The Timber Trade Federation (TTF) is advising timber & builders’ merchants to be aware of sub-standard and potentially illegal imports of plywood entering their stock. The advice comes after the introduction of an updated monitoring and testing regime for TTF members, ensuring they are selling only products that conform to the claims made for them. The updates to the TTF’s Code of Conduct and Responsible Purchasing Policy were introduced after several investigations into the plywood market revealed potential risks to merchants and traders.

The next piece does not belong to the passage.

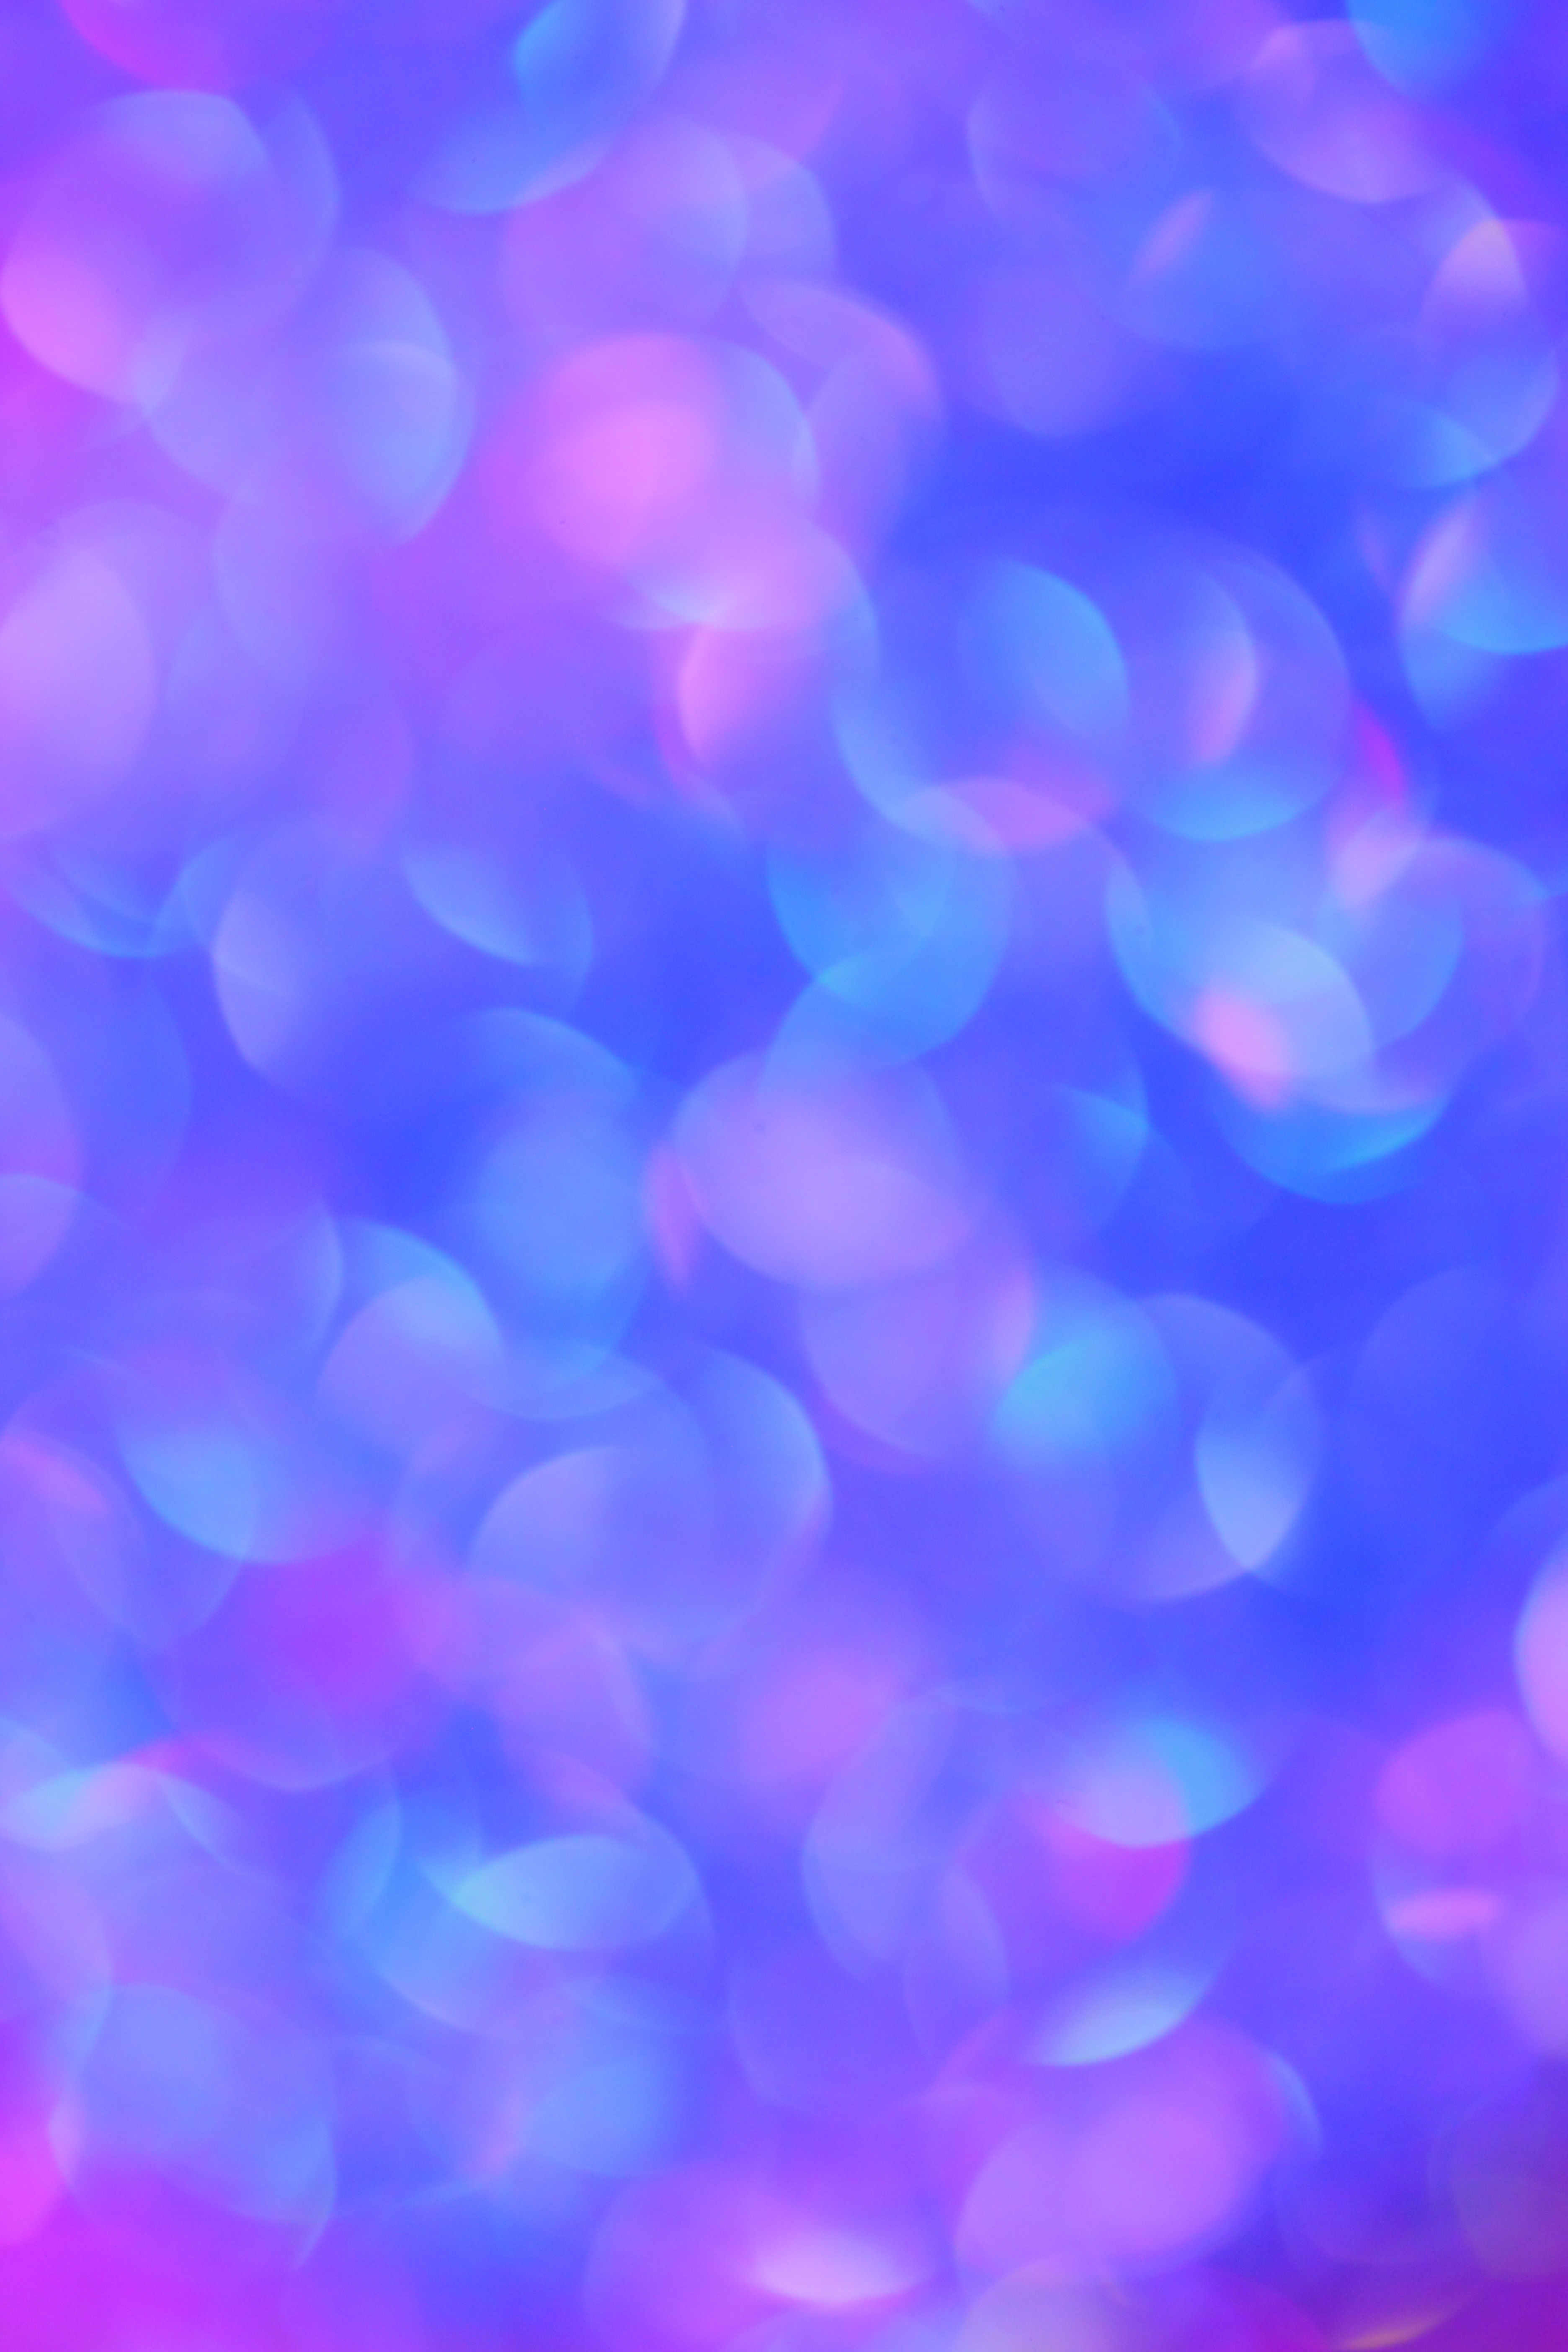 58202 free download Blue wallpapers for phone, bokeh, shine, glare, brilliance Blue images and screensavers for mobile

The main risks for merchants, and thus for their customers’ safety, stem from product quality and performance, and environmental provenance. Studies concluded that glue bond claims and species declarations did not necessarily match reality, as David Hopkins, TTF managing director, explains: “All TTF members must now comply with a strict testing and auditing process to ensure products they import are correctly labelled with species and product performance. This includes mandatory species testing, stricter pack marking guidelines to include DOP numbers, for example, and mandatory glue bond testing.”

David Hopkins continues: “It remains the TTF’s view that the correct glue bond for structural products should be Class 2 and above. Merchants choosing to stock plywoods with a Class 1 glue bond should exercise extreme caution in staff training, stock handling and stock segregation to avoid products being used in the wrong situation, and potentially failing in application.” The TTF has issued a table of plywood technical classes to help merchants to develop their knowledge, minimise their risks, and guide their customers to fit-for-purpose products.

The Builders Merchants Federation has welcomed the TTF’s guidance on this important issue. John Newcomb, CEO of the BMF said: “The latest updates to the TTF Code will help merchants to correctly advise their trade customers and guide their use of different products for particular situations. Holding quality stock and offering the right advice from experienced staff are vital elements of the BMF Member Charter. Both are central to the high levels of service the Charter embodies, and that our merchants’ customers expect.”